(DATA BELOW)
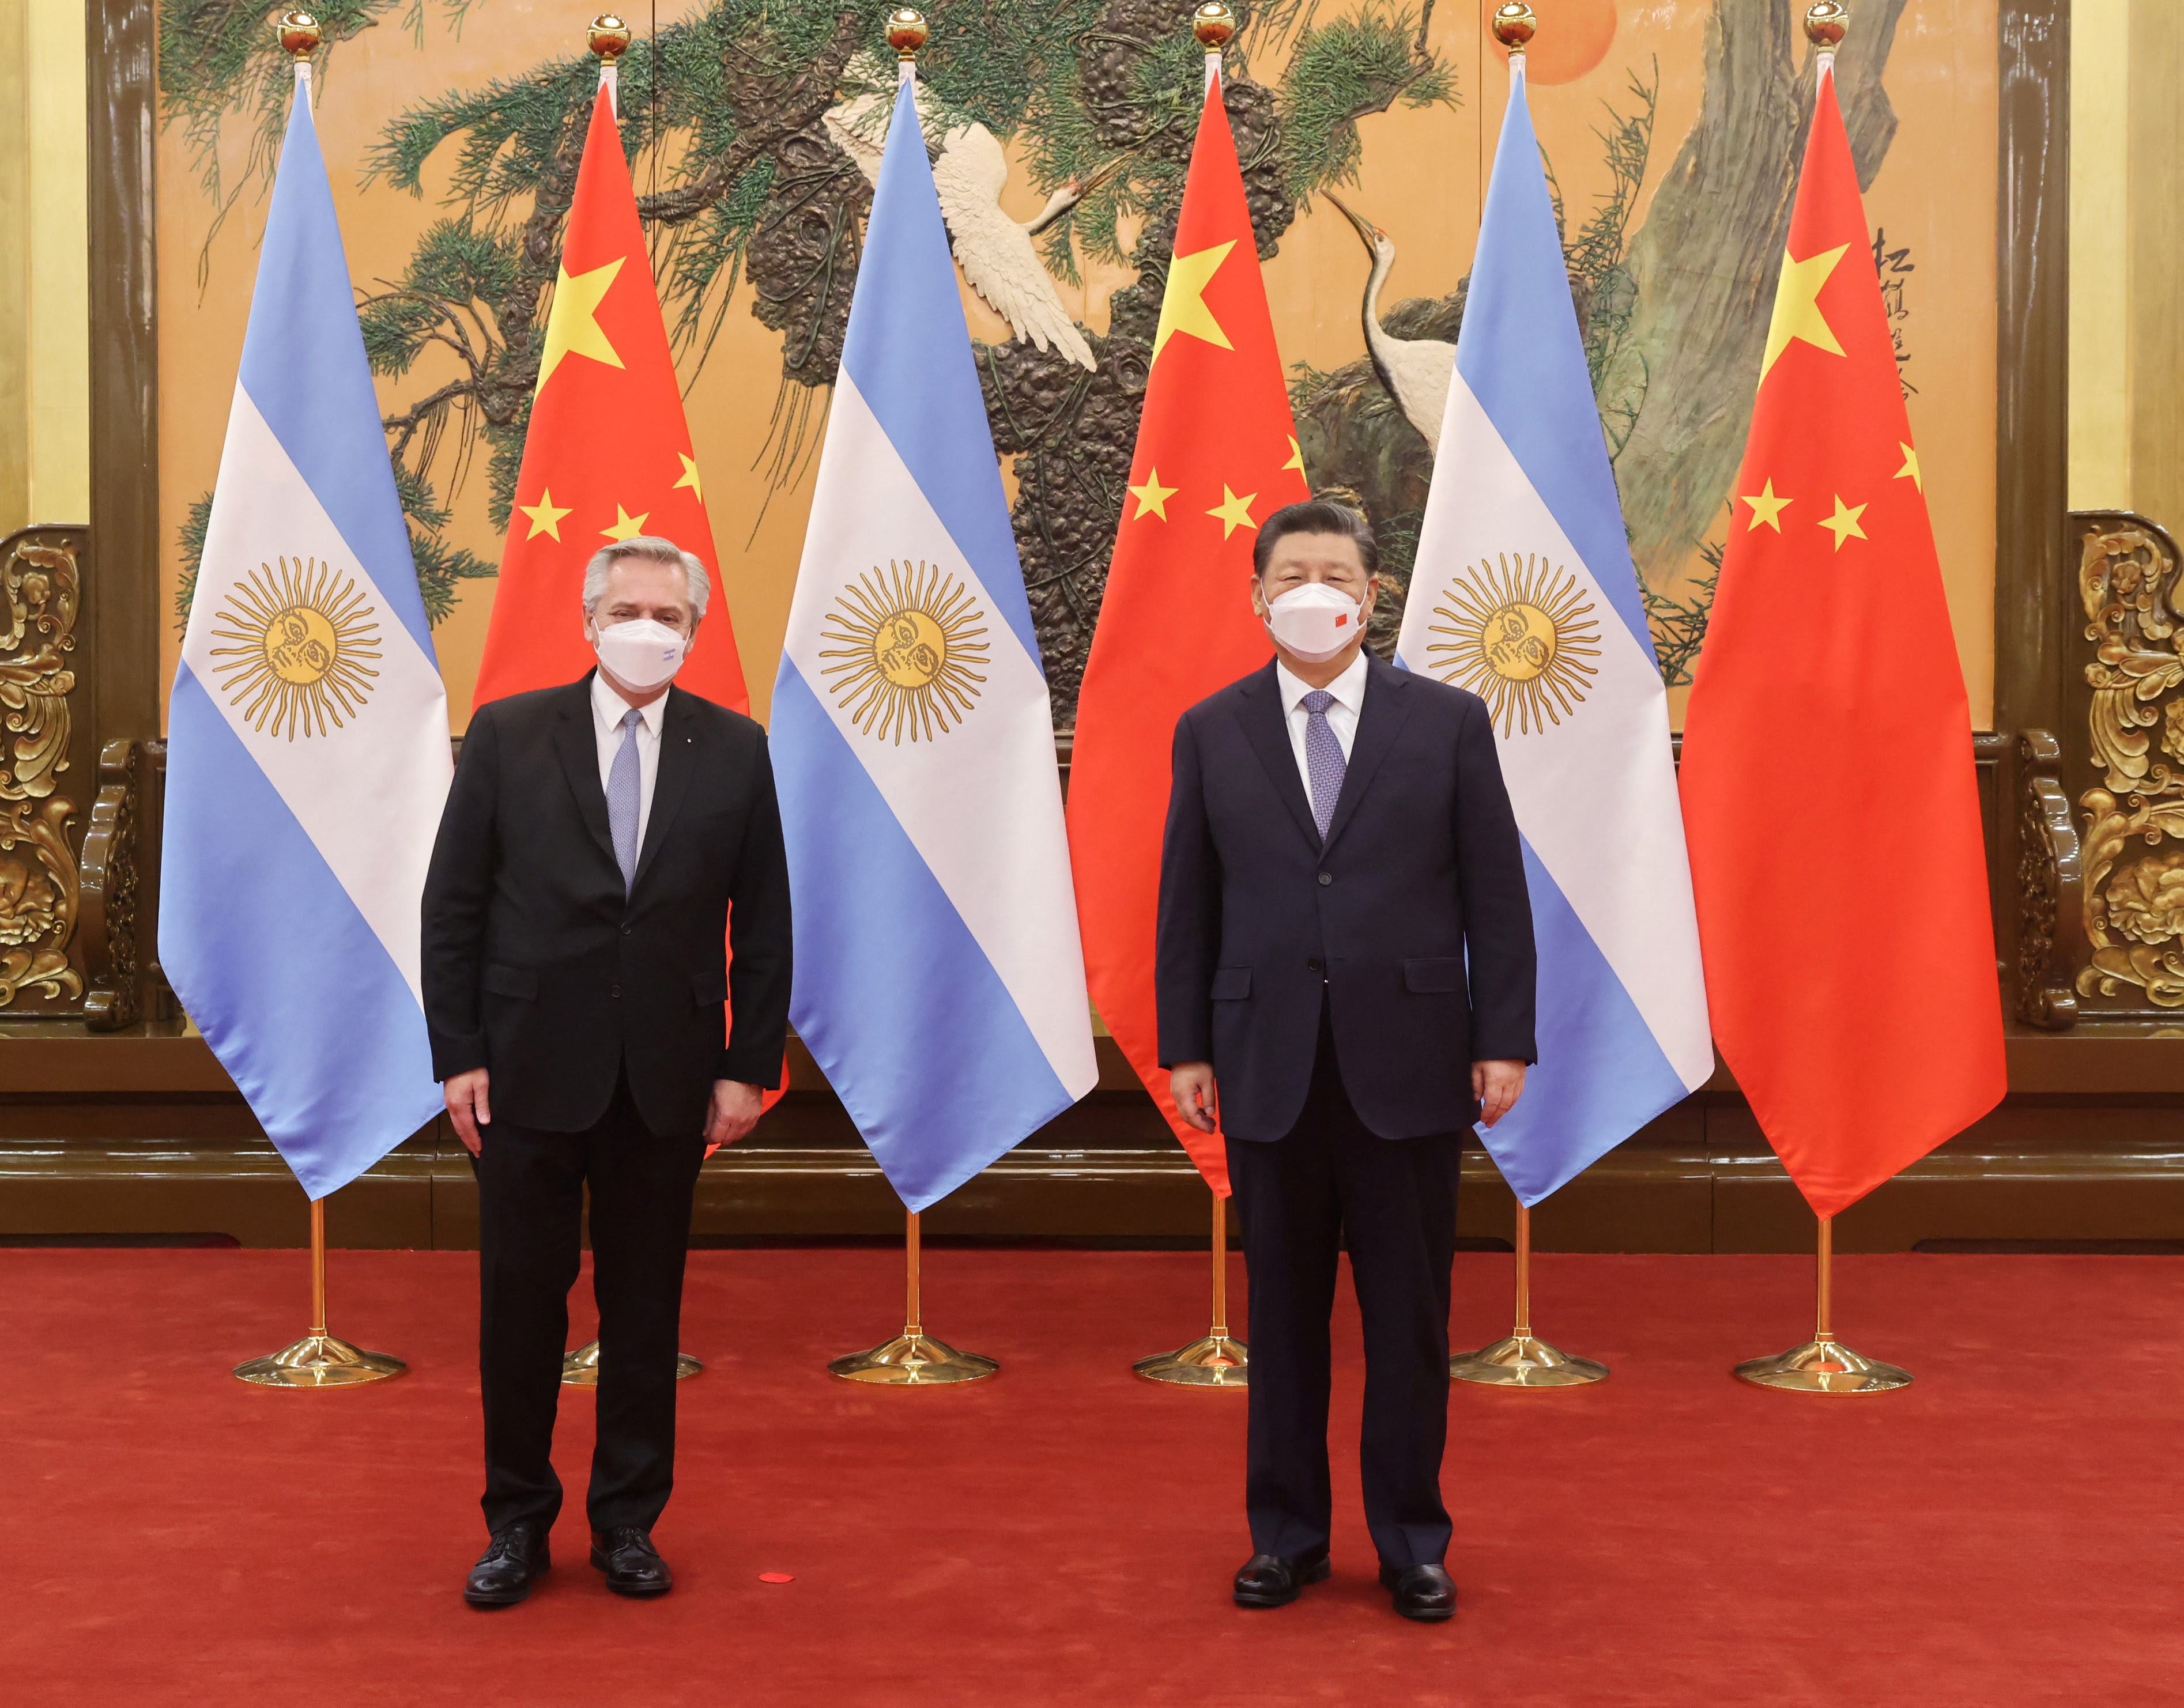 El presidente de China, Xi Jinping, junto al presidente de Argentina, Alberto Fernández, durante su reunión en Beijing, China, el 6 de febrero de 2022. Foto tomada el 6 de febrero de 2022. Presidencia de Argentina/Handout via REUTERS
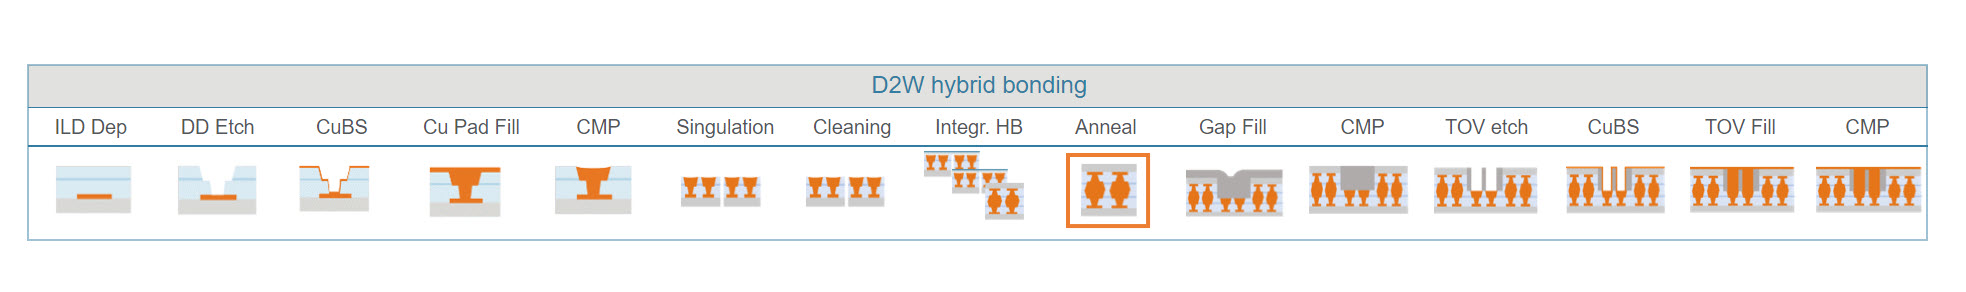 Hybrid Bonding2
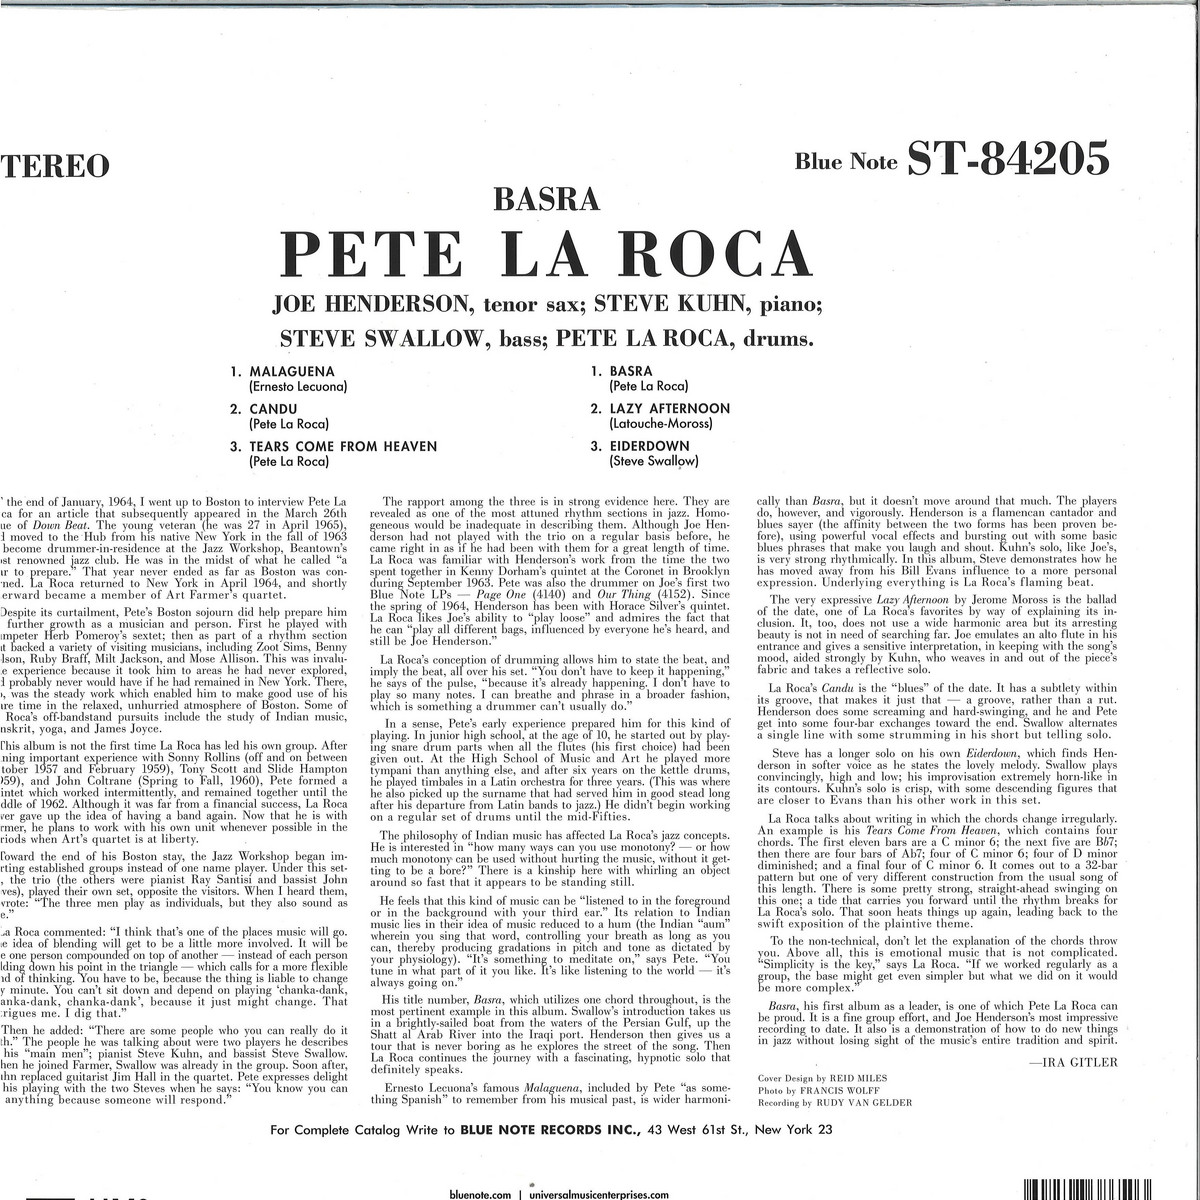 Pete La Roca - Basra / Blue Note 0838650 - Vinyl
(End DATA BELOW)
** TASK GOAL **
Your task is to retype the listing exactly, without its pictures.

** RESPONSE BELOW **
 El presidente de China, Xi Jinping, junto al presidente de Argentina, Alberto Fernández, durante su reunión en Beijing, China, el 6 de febrero de 2022. Foto tomada el 6 de febrero de 2022. Presidencia de Argentina/Handout via REUTERS
 Hybrid Bonding2
 Pete La Roca - Basra / Blue Note 0838650 - Vinyl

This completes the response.